When the 2017 Tax Cuts and Job Acts was introduced, there was a new investment opportunity released.
It allowed some investors to receive special tax incentives when they invested in some type of distressed area. This program requires investing in what is referred to as Opportunity Zones.
Learning more about the opportunity fund investment and its potential will help an investor figure out if this is something they want to invest in. The entire purpose and goal of the program are to help increase development and the creation of jobs in areas that are economically distressed.
How to Invest in Opportunity Zones?
To help revitalize the economy, tax incentives for the capital gains that were invested in a QOF were introduced. Sometimes, a person will be able to defer and reduce the capital gains tax if they have invested in capital gains in the Qualified Opportunity Fund. Besides that, the gains that are earned from the QOF may be entirely tax-free.

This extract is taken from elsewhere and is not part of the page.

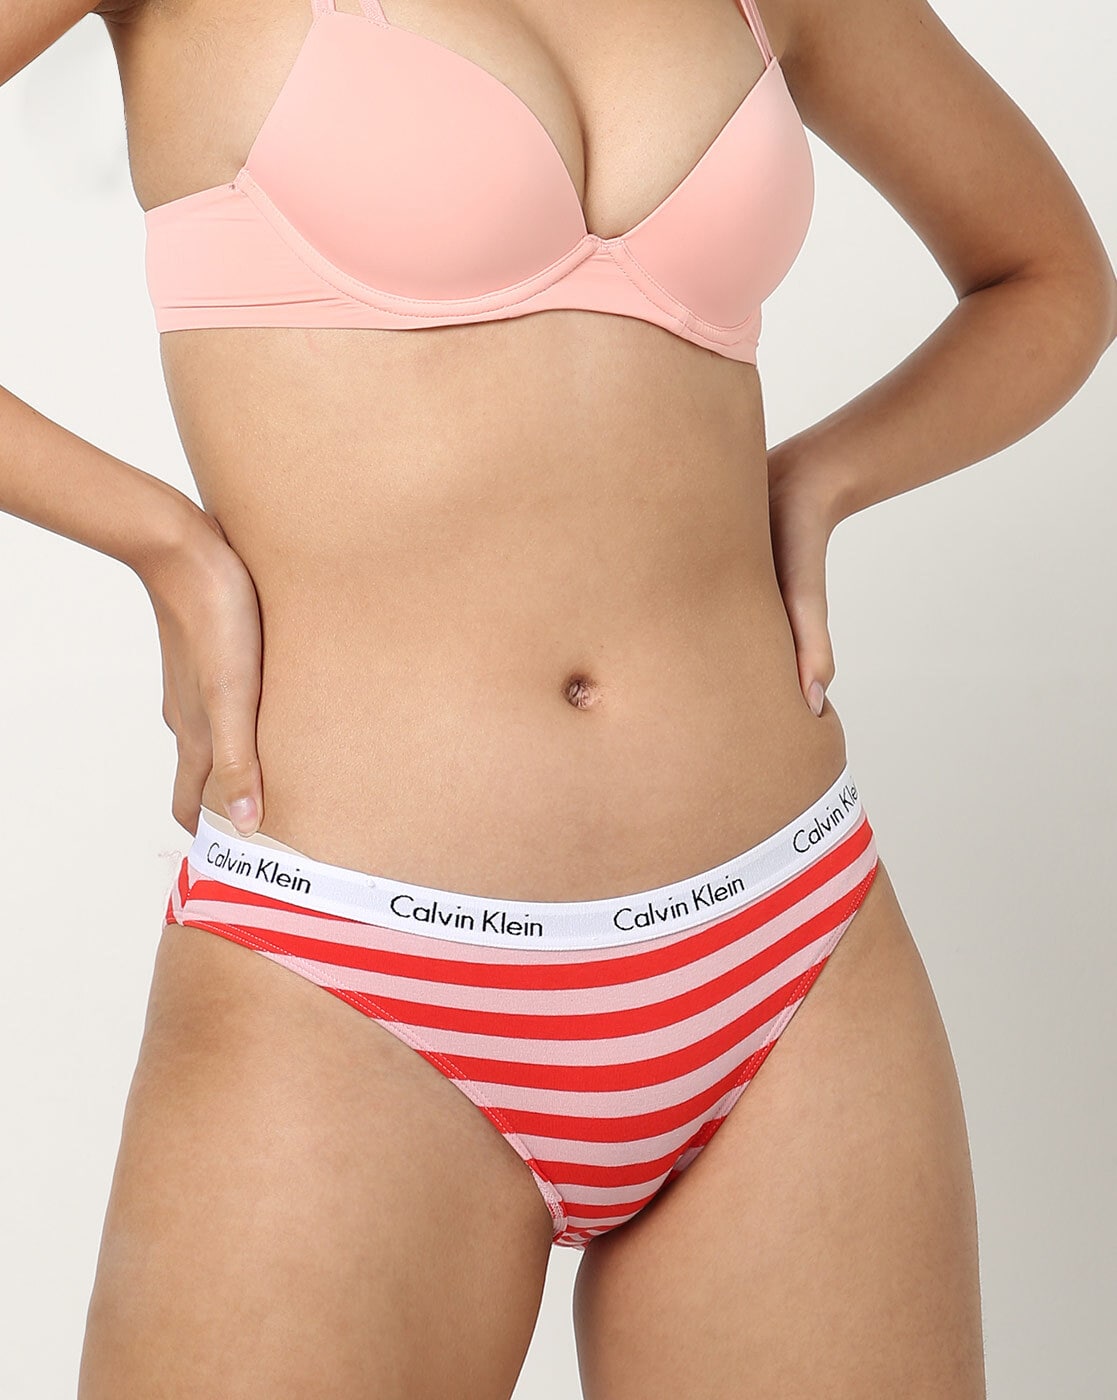 Buy Pink Panties for Women by Calvin Klein Underwear Online

A Qualified Opportunity Fund will invest in the Opportunity Zones. Every state will nominate the areas that will be classified as an Opportunity Zone. It is the Secretary of the U.S. Treasury that will certify this nomination through the IRS. There are more than 8,700 different Opportunity Zones across the U.S. states and all territories.
Currently, the benefit for Opportunity Zone investment is valid from 2017 until 2026. It will expire unless Congress makes the decision to renew this program.
The Qualified Opportunity Fund Defined
Before making any type of investment, it is essential to learn more about what the Qualified Opportunity Fund is. It is more specifically a partnership or a type of C corporation where an investment in a Qualified Opportunity Zone is made. The business, which could be existing or new, must certify it is the Qualified Opportunity Fund, which is done by filing the IRS Form 8996.
Benefits of Opportunity Zone Investments
One of the biggest benefits offered by an Opportunity Zone investment is that the capital gains will be deferred on the original sale until the QOF has been sold or by the completion date, whichever happens to occur first.
The sale needs to have been made to some type of “unrelated” party. With this program, shareholders need to have owned a minimum of 20% of a corporation that is a related party.
Additionally, taxable capital gains will be reduced by up to 10% if there is a QOF that is held for five years and it may be reduced by up to 15% if it is held for a minimum of seven years. The capital gains from the actual QOF will be tax-free when someone holds the funds for a minimum of 10 years.
The deferral of these capital gains is not going to be automatic. If someone wants to be included in the program, it is necessary to defer the gain by filing the Form 8949.
This form must be filed with the tax return the year that the tax would be due. When it comes to Qualified Opportunity Funds, it is necessary to be informed and know what is expected and needed.
This is going to help ensure that the desired results are achieved. In the long run, knowing this information will pay off.